Share your dilemmas and get honest opinions from other Mumsnetters.

Private school & MC kids are going to be away ahead at the end of this pandemic

166 replies

Norfolker · 03/01/2021 09:01

Just that.... I know from my neighbours that the local private has a brilliant set up online. They had sent revision work to be completed over Christmas, most of the kids I know at the private have a sahp... The local outstanding primary near us was also the same with the same type of mc parents as in the private.
Aibvu to suggest kids who don't have that support are the ones who will fall behind or underachieve in the years to come.
My neighbour in the local outstanding comp has said she spent a fortune buying workbooks on amazon to supplement the online provision! I ordered some yesterday but the thought hadn't crossed my mind before talking to my neighbour...

OP posts:
dingledongle · 03/01/2021 09:36

People do try to 'do their best for their kids' however when you are on a low income or have to go to out work, you may not always have the time and money to pay for a tutor or books. Some jobs cannot be done at home, especially lower income jobs.

Many parents cannot afford money for food, hence food banks!

Where have some people been?

Just because you can and do help their kids it does not mean that all people can.

The tech/connectivity divide is huge Sad

Buddytheelf85 · 03/01/2021 09:37

Yeah of course you’re right, but asking if middle class/privately educated kids have an advantage is asking if bears shit in the woods.

But yes, you are correct, and the inequality of provision between private and state during the pandemic has convinced me that I need to start saving for private education for my DS (currently a toddler).

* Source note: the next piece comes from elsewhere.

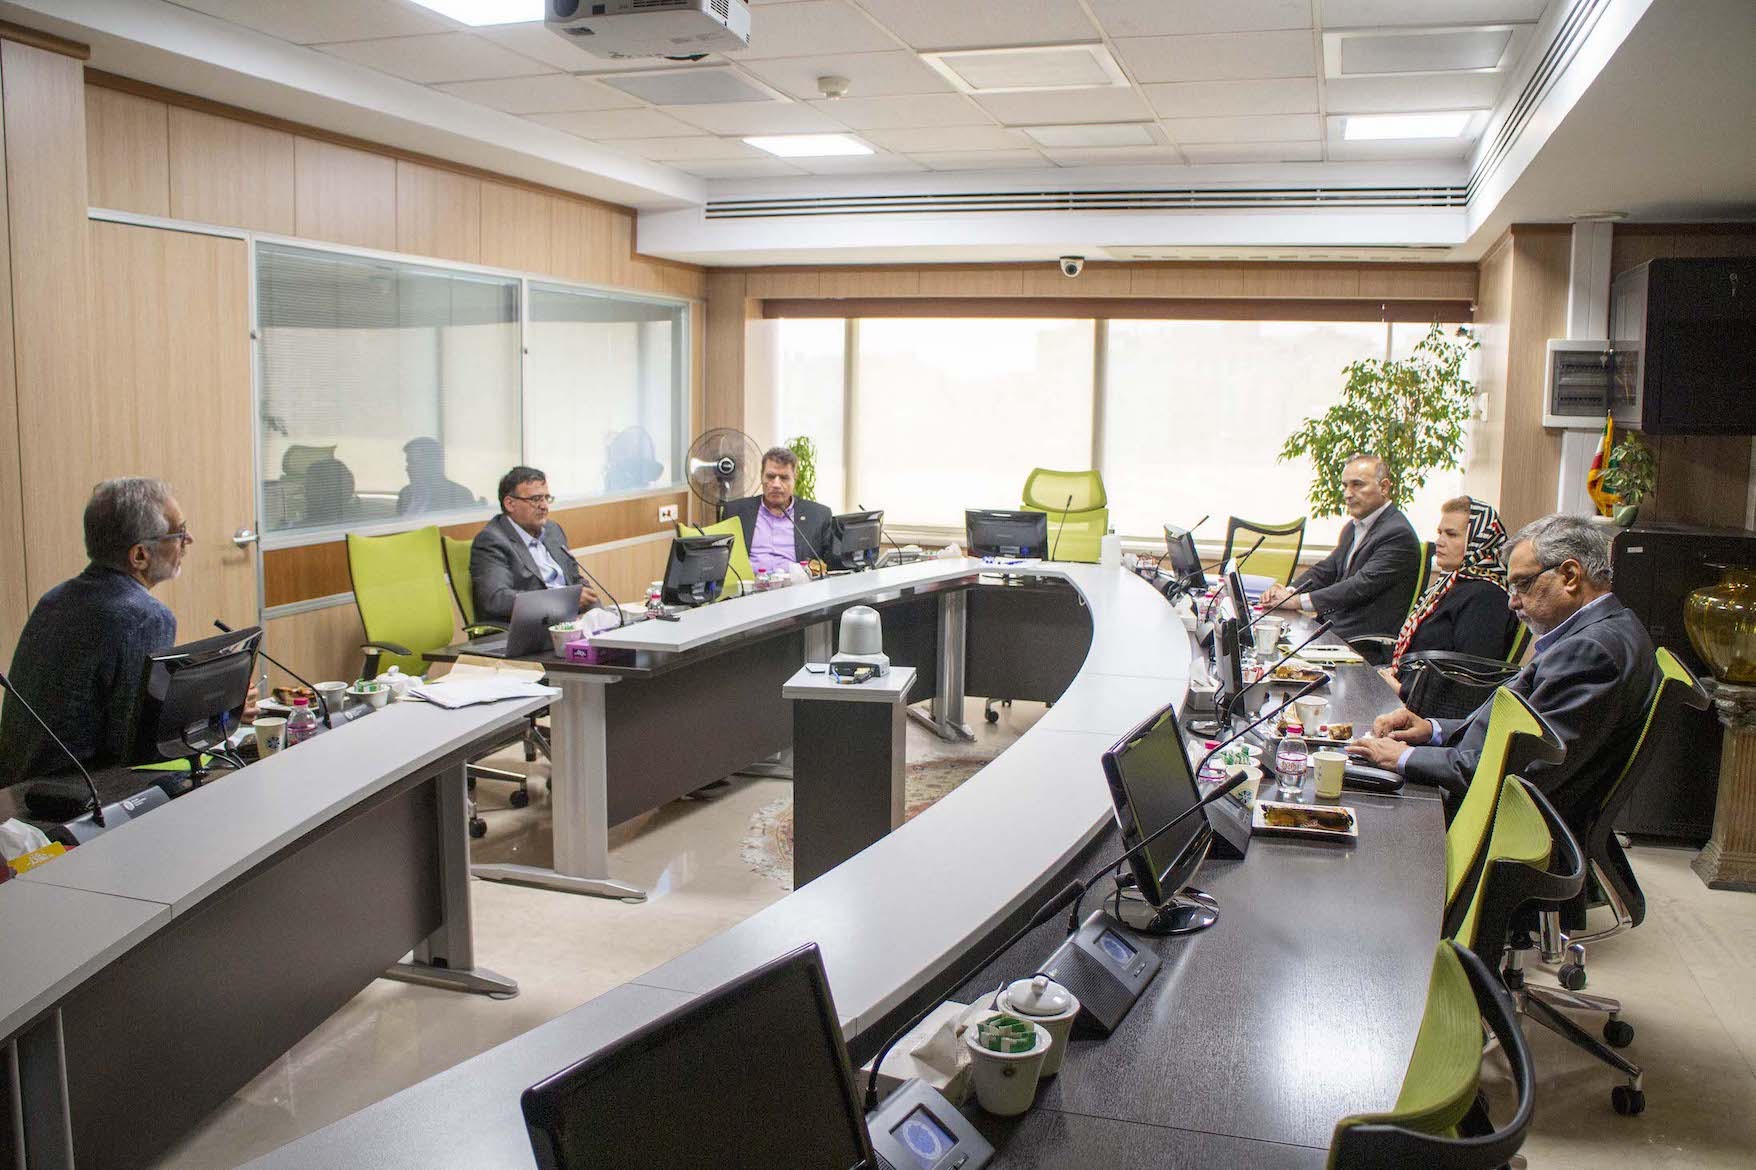 راهبردهای همکاری کانون با اتاق بازرگانی در جلسه هیأت مدیره کانون مورد بررسی قرار گرفت

Tiquismiquis · 03/01/2021 09:39

Engaged parents (with disposable income) will make a difference but also parental availability. For example, home schooling will be hideous for us because of working but it will happen somehow but I suspect the house will be a tip and we’ll all be stressed. However, I’ve no doubt if I wasn’t working, my child would be getting a better education and be less stressed and frazzled.

Where money makes a difference is access to help and resources. This time round, I might get desperate and get an online tutor or a temp nanny. In terms of resources, I’ve got a twinkl subscription, lots of writing material, craft stuff etc. My daughter’s in reception and I’ve bought reading scheme books so we can carry on progressing regardless of how much input she gets in school.

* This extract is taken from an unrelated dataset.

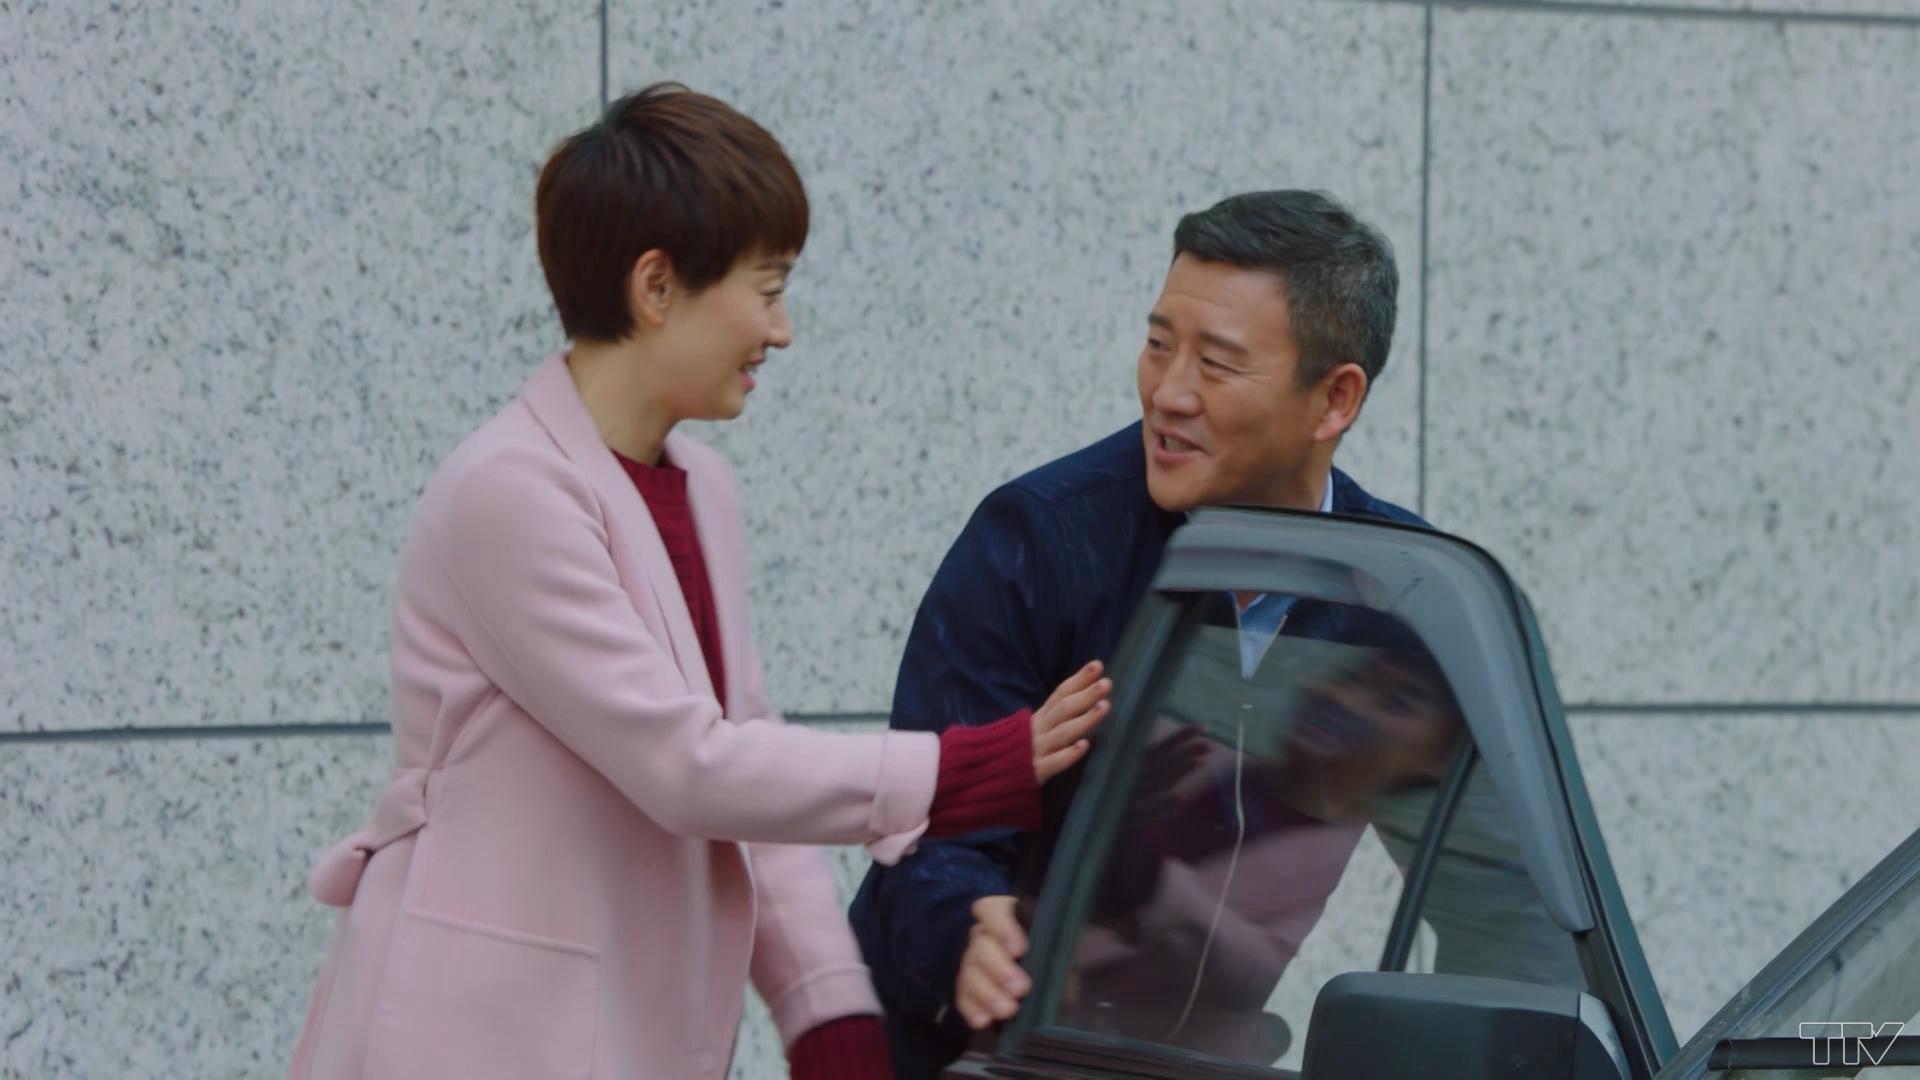 Lúc tan làm về, Tử Quân gặp anh Kim. Dù cô rất ngại phiền hà, nhưng trước sự nhiệt tình của anh nên cô đồng ý lên xe.

Closures might send us insane but I’m fairly confident my daughter won’t be behind at the end of it. Others won’t be so lucky.

Wheresyourclapham · 03/01/2021 09:41

dingledongle
‘Don't forget this is a conservative government who, although they talk about levelling up, mainly come from wealthy and privileged backgrounds. They do not care about kids from disadvantaged backgrounds’

^This.
The Conservatives clearly do not care about anyone else or their children.
Your children are your responsibility, therefore, parents NEED to do everything possible to enable their children to reach their full potential.
Unfortunately, not every parent is able/has the tools to do so and this is where a decent Government steps in. Obviously not the current Conservative Government.

RaspberryCoulis · 03/01/2021 09:41

Course they are.

We're in a very MC area, kids at a high-achieving state school. Even though school provision has not been that brilliant, most of the parents are educated themselves, know where to access material, are working from home, can support their children to a reasonable level. Also can employ tutors to help children catch up. Plenty of laptops, tablets, smartphones, internet connection. A big enough house to allow children to study effectively in a quiet space.

Entirely different from a family crammed into a tiny flat or terraced house, with one old, temperamental tablet between 4 kids, parents juggling shifts in supermarkets, parents who didn't have a great excperience with their own education and can't really support their kids.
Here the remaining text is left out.